[Study material]
####################

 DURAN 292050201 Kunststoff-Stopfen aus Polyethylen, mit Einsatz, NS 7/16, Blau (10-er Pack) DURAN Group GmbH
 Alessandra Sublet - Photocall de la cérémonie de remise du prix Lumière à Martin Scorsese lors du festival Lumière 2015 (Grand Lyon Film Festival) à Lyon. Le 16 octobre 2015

####################

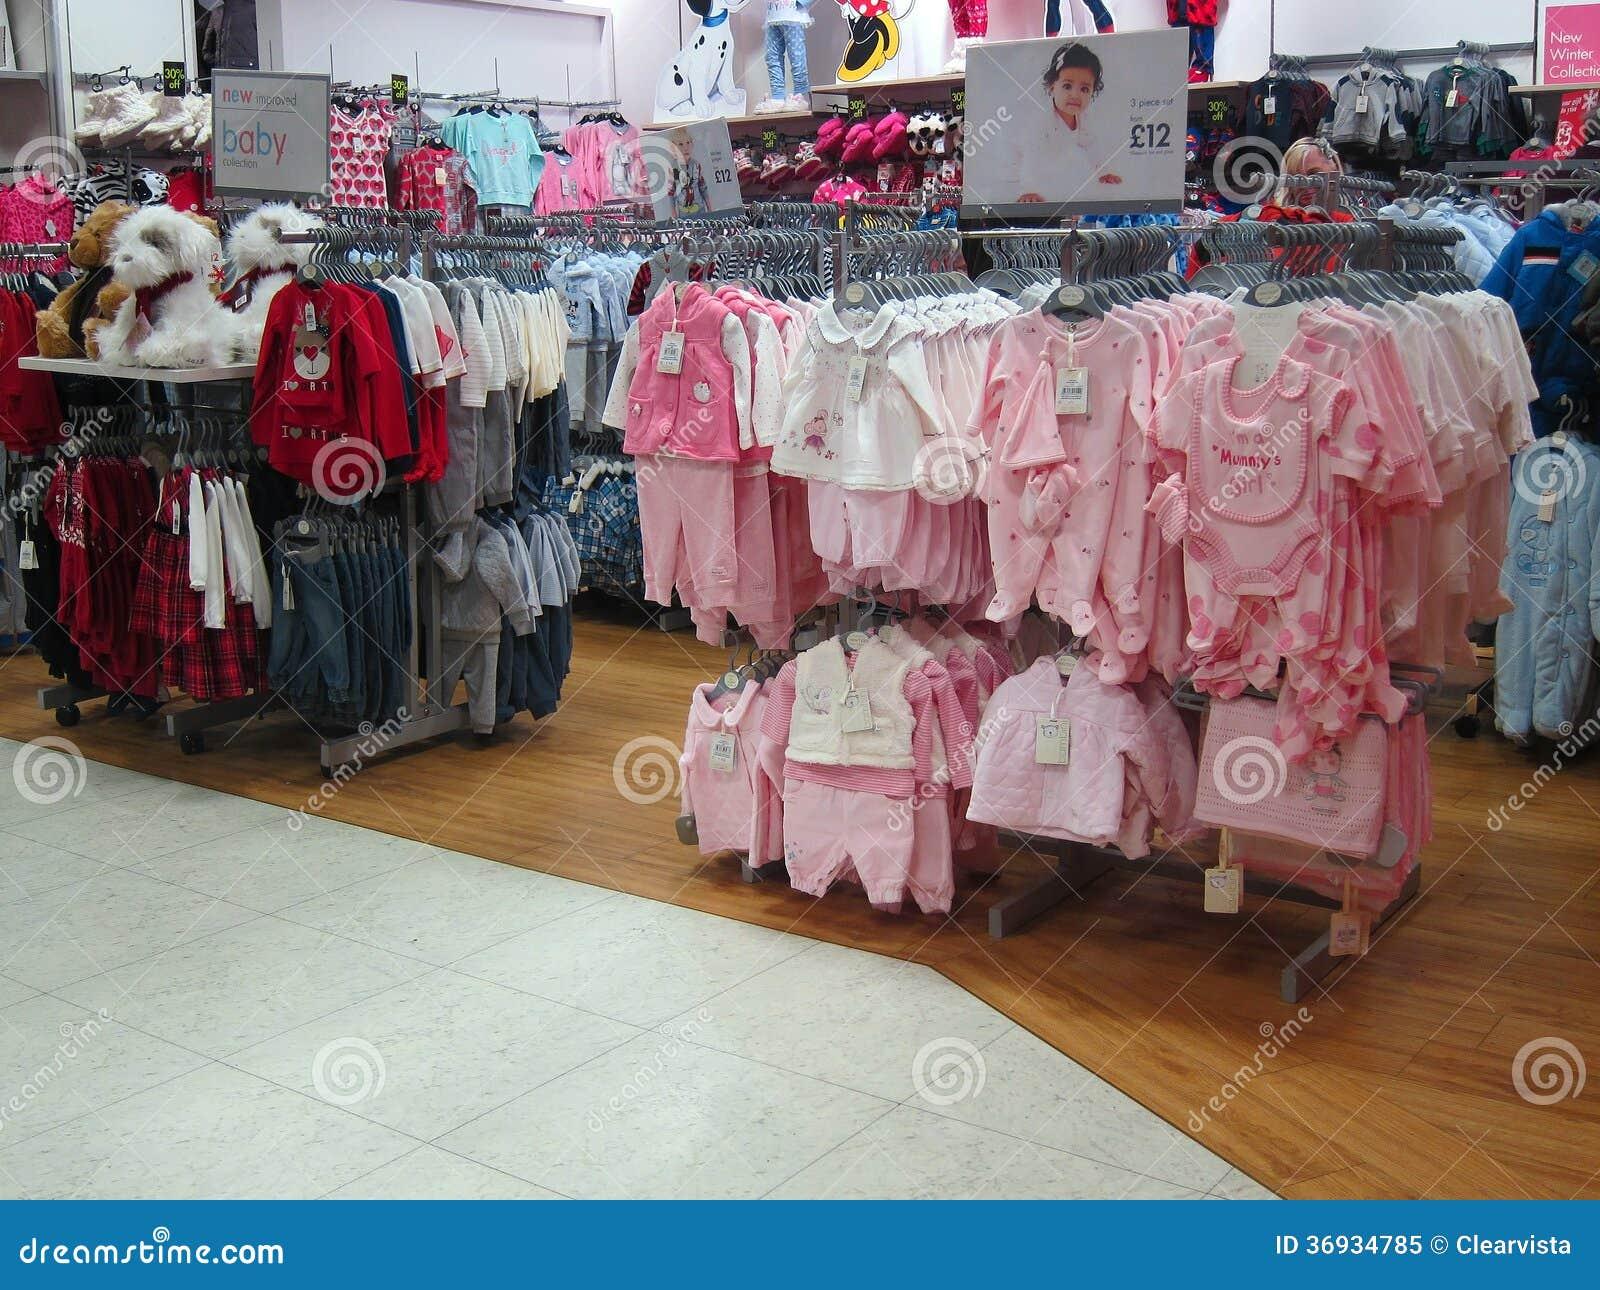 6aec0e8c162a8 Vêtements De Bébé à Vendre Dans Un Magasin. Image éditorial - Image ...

####################

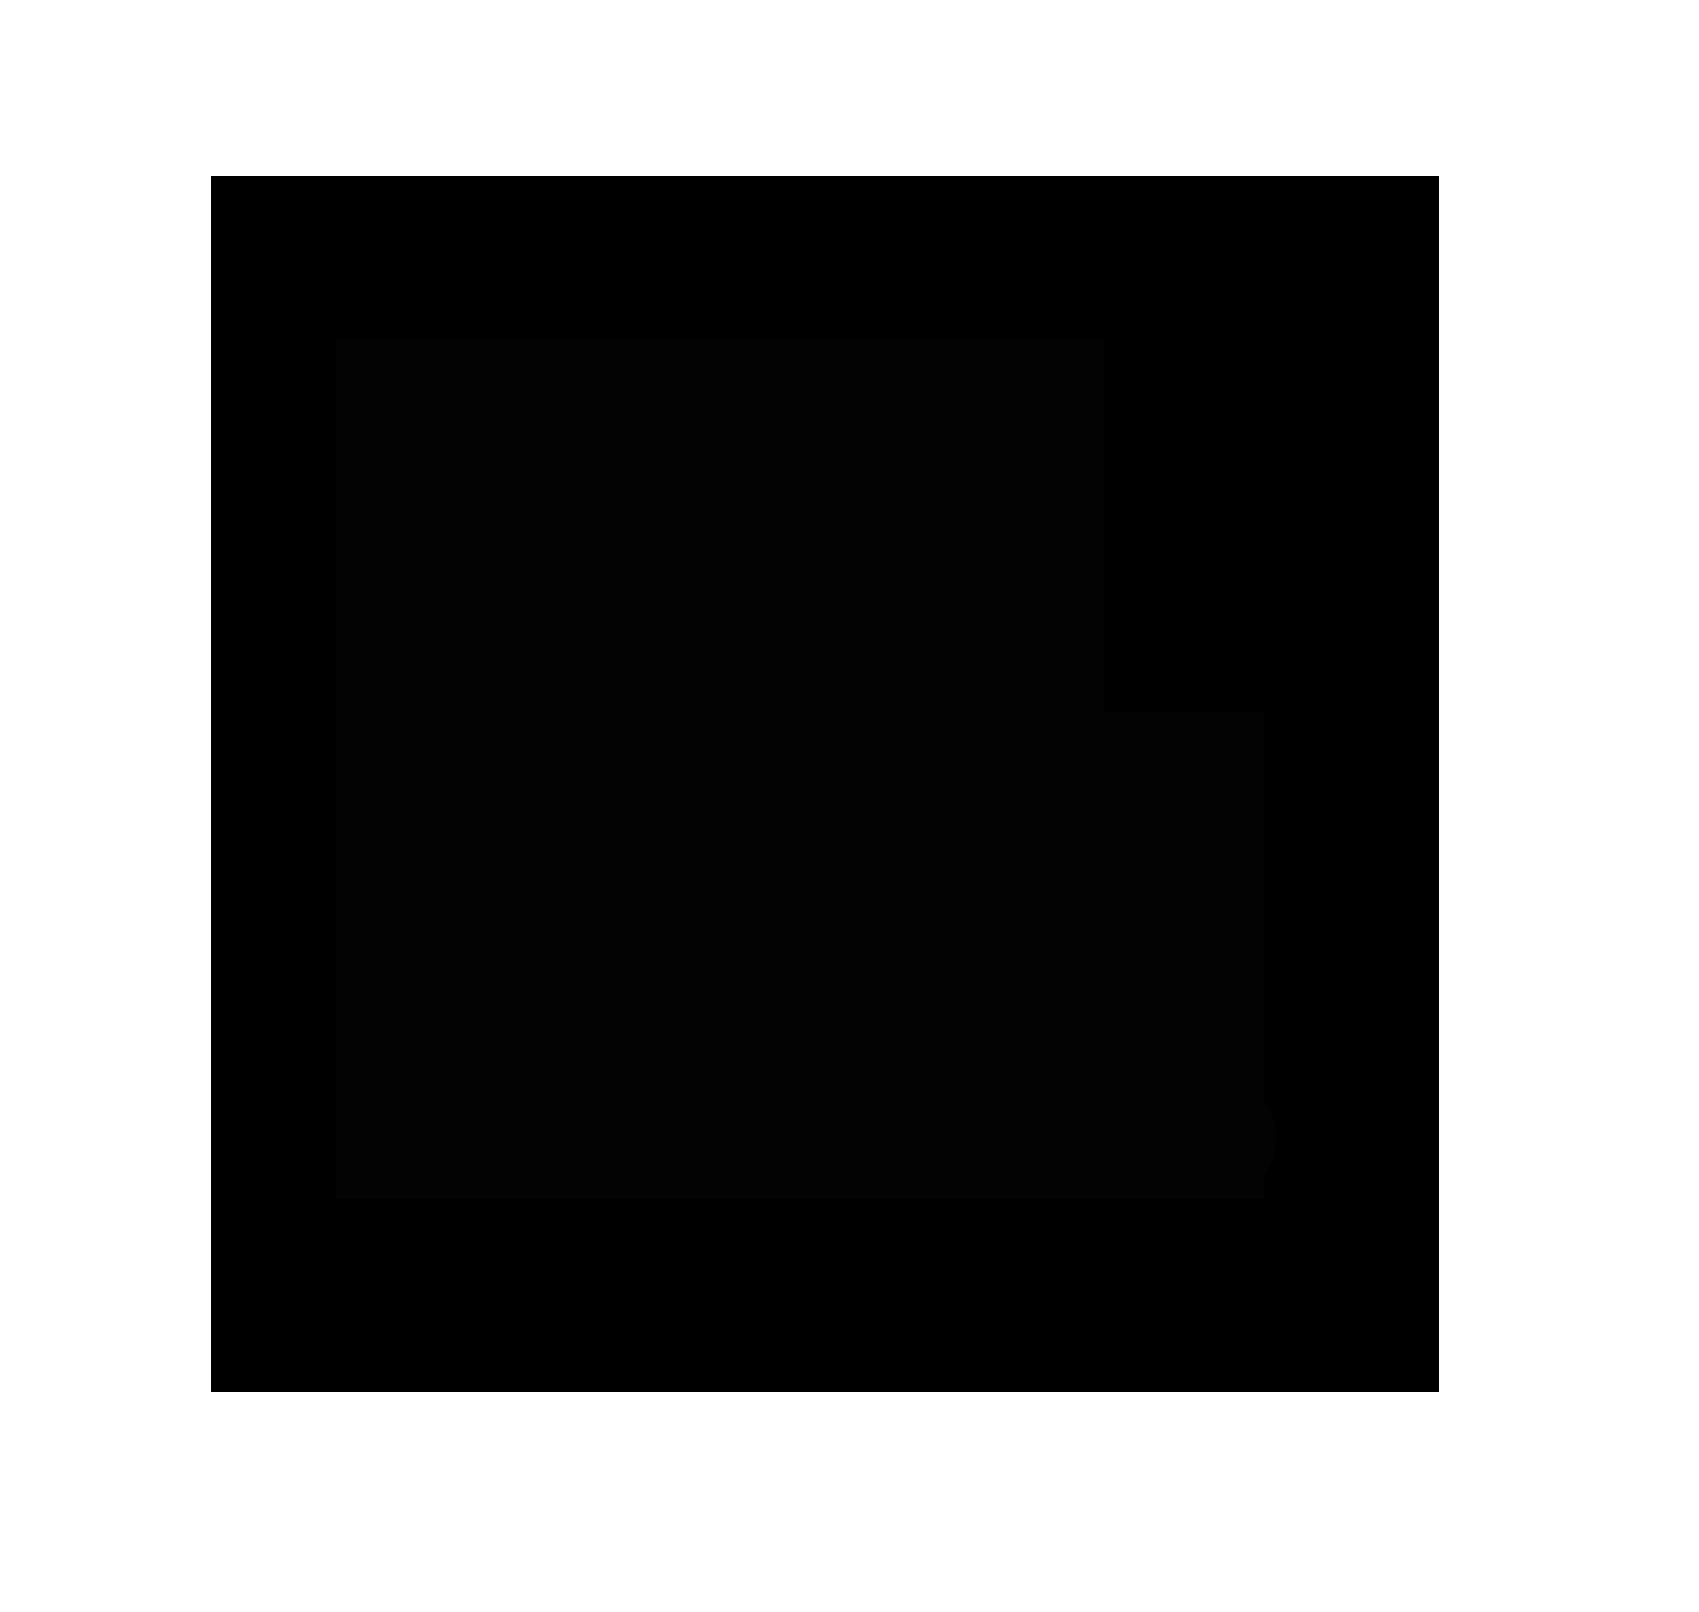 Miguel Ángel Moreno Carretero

####################

[Exercise directions] Using the entries above, extract exactly the span from the line with "DURAN 292050201 Kunststoff-Stopfen" to the line with "Alessandra Sublet - Photocall", both lines included; leave out everything else.

[Task answer]
 DURAN 292050201 Kunststoff-Stopfen aus Polyethylen, mit Einsatz, NS 7/16, Blau (10-er Pack) DURAN Group GmbH
 Alessandra Sublet - Photocall de la cérémonie de remise du prix Lumière à Martin Scorsese lors du festival Lumière 2015 (Grand Lyon Film Festival) à Lyon. Le 16 octobre 2015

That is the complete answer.